*Records*:
┏━━

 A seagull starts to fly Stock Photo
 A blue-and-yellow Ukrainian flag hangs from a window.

┗━━
┏━━

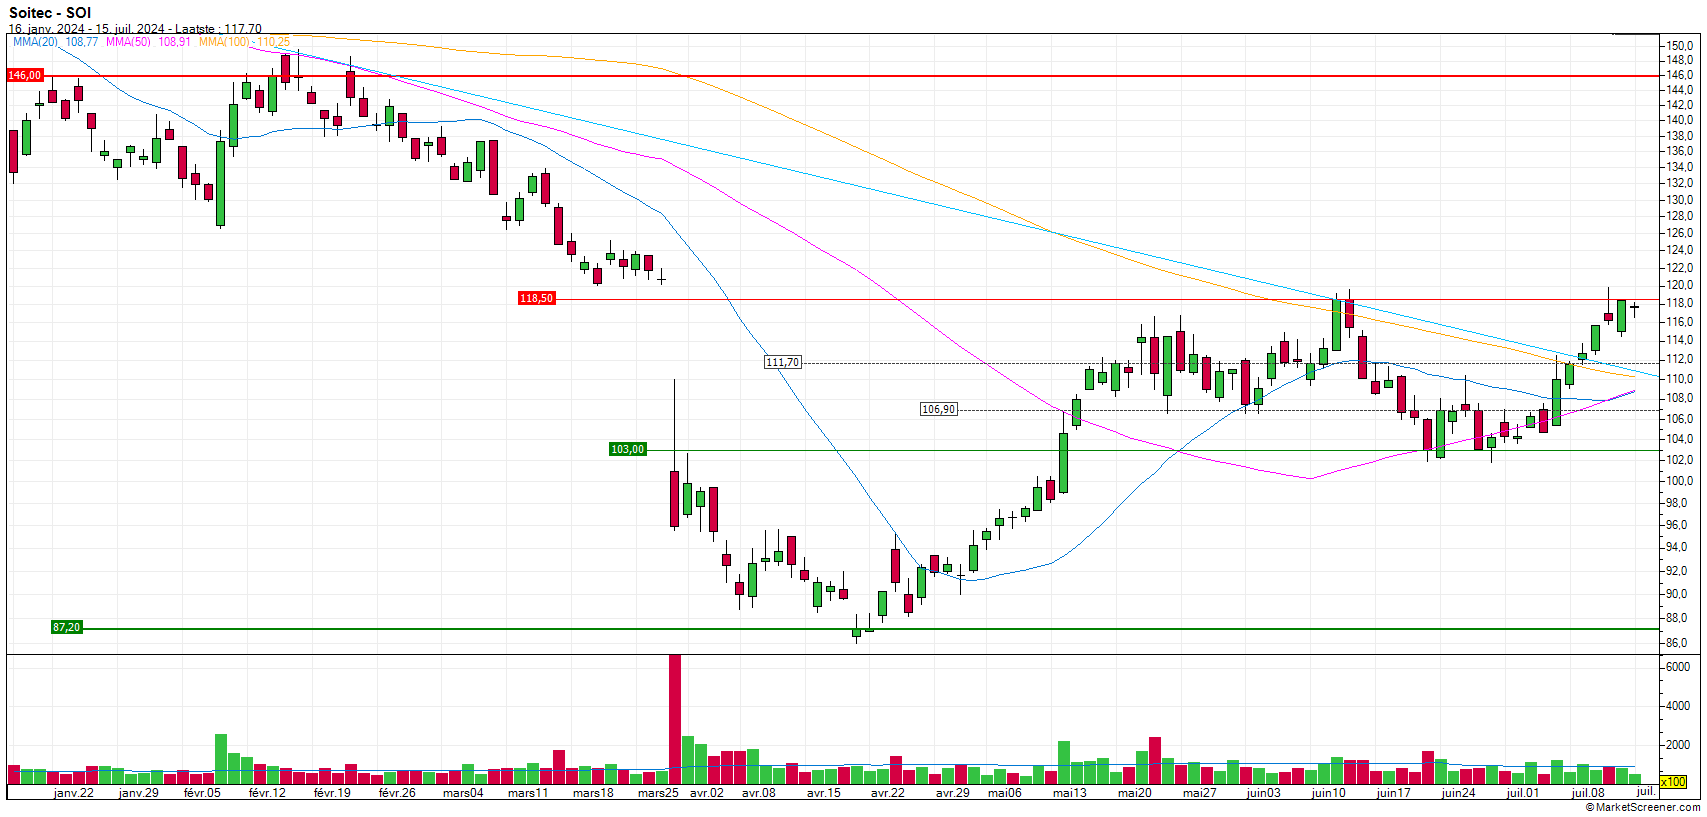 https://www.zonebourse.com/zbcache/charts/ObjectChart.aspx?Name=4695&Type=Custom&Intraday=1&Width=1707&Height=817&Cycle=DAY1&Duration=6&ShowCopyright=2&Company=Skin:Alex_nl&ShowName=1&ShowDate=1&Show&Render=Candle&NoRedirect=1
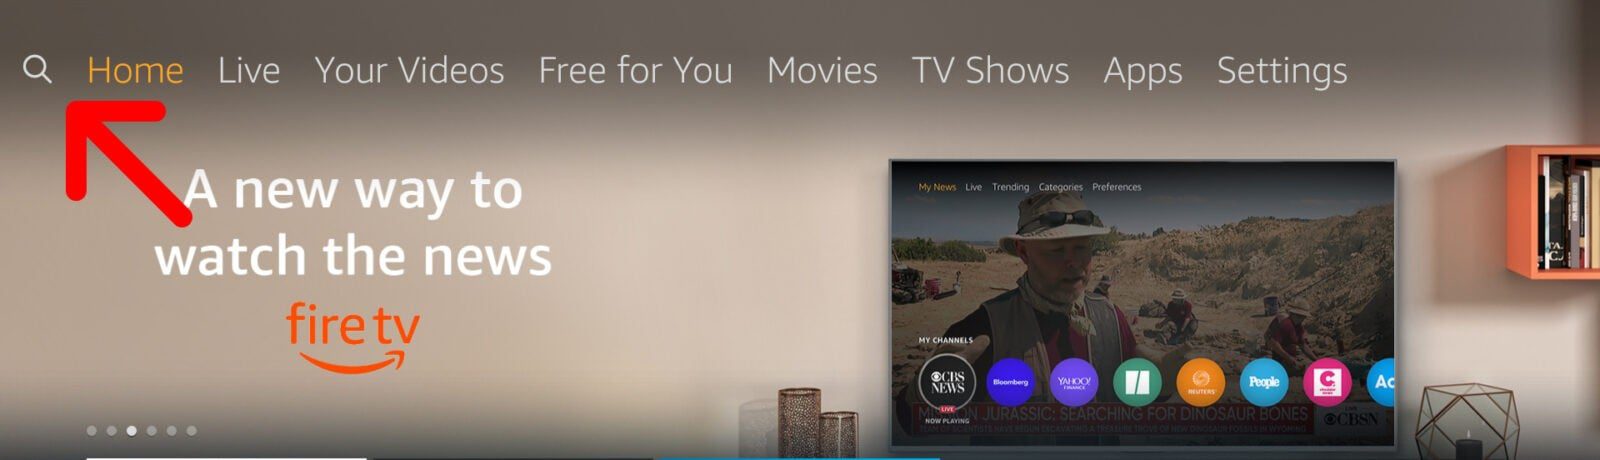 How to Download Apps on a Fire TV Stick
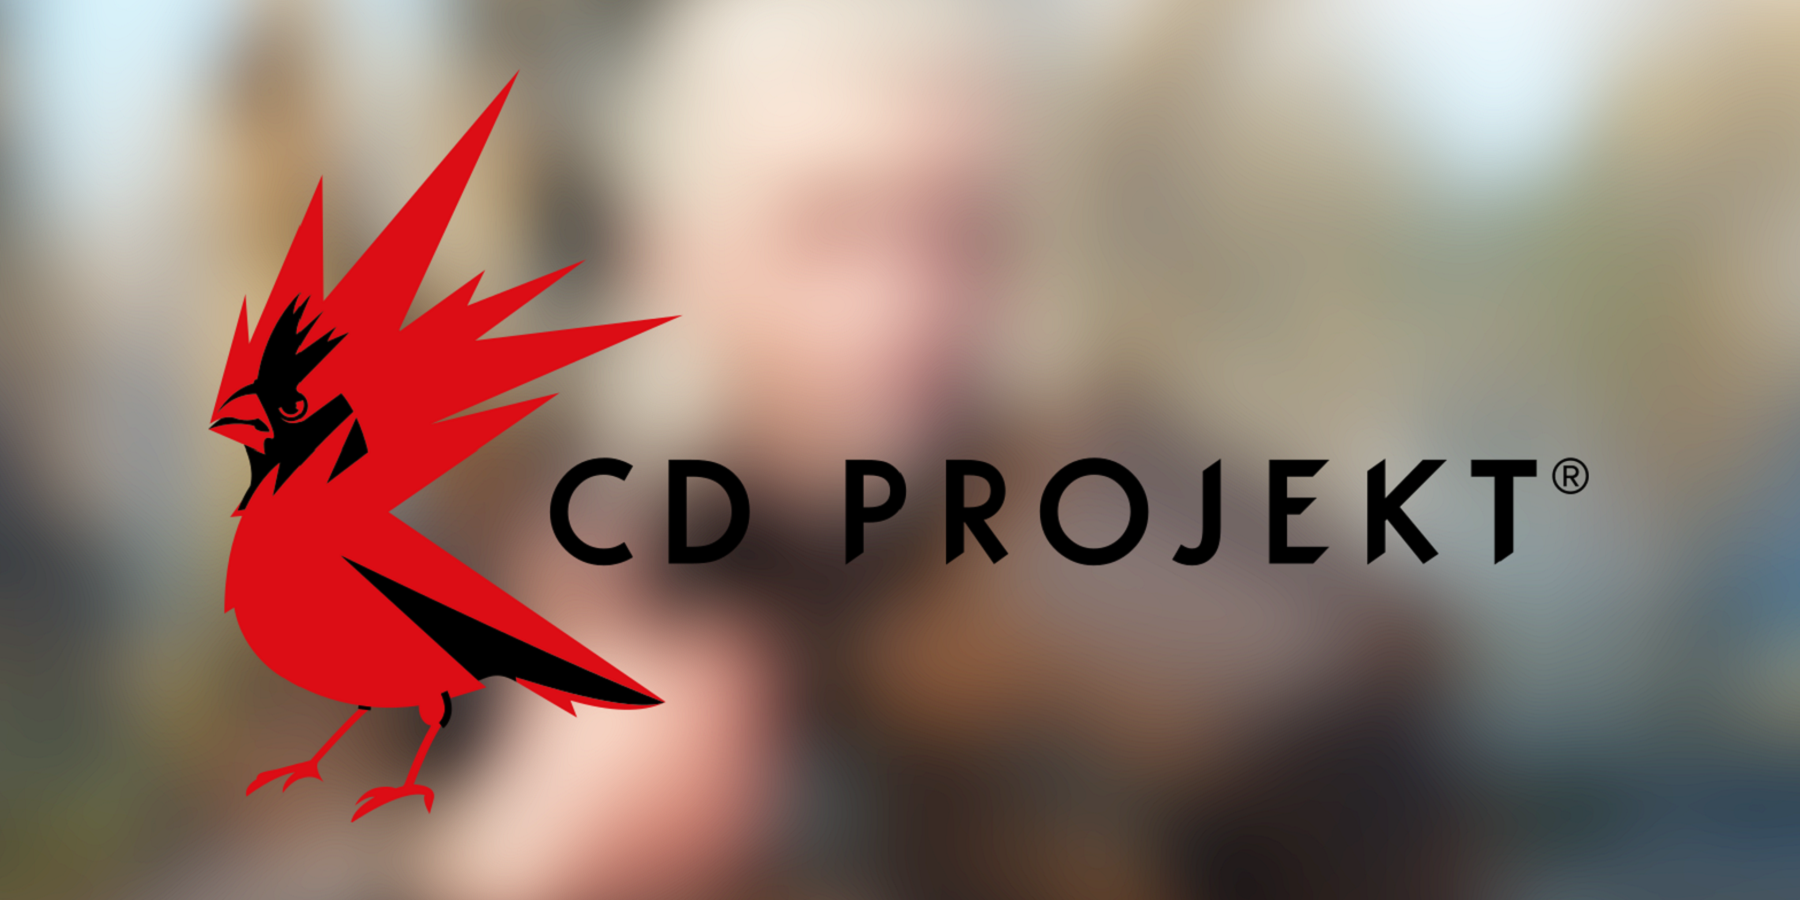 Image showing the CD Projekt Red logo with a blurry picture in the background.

┗━━
┏━━

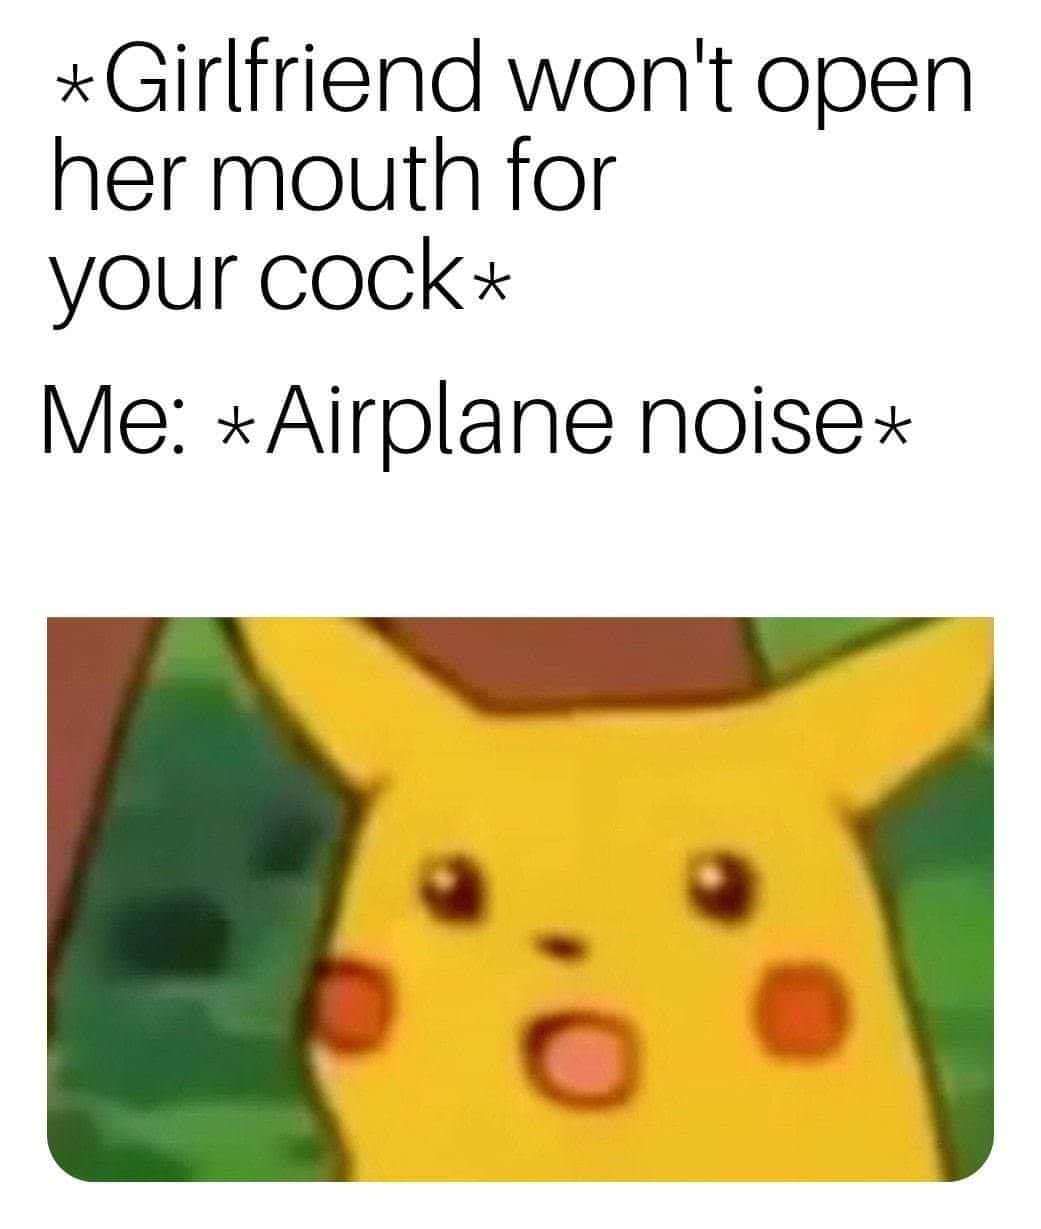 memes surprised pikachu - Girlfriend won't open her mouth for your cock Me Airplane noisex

┗━━

Taking the records above, print only and exactly the lines from the line with "How to Download Apps on a Fire TV Stick" to the line with "Image showing the", both kept, and exclude pictures.

 How to Download Apps on a Fire TV Stick
 Image showing the CD Projekt Red logo with a blurry picture in the background.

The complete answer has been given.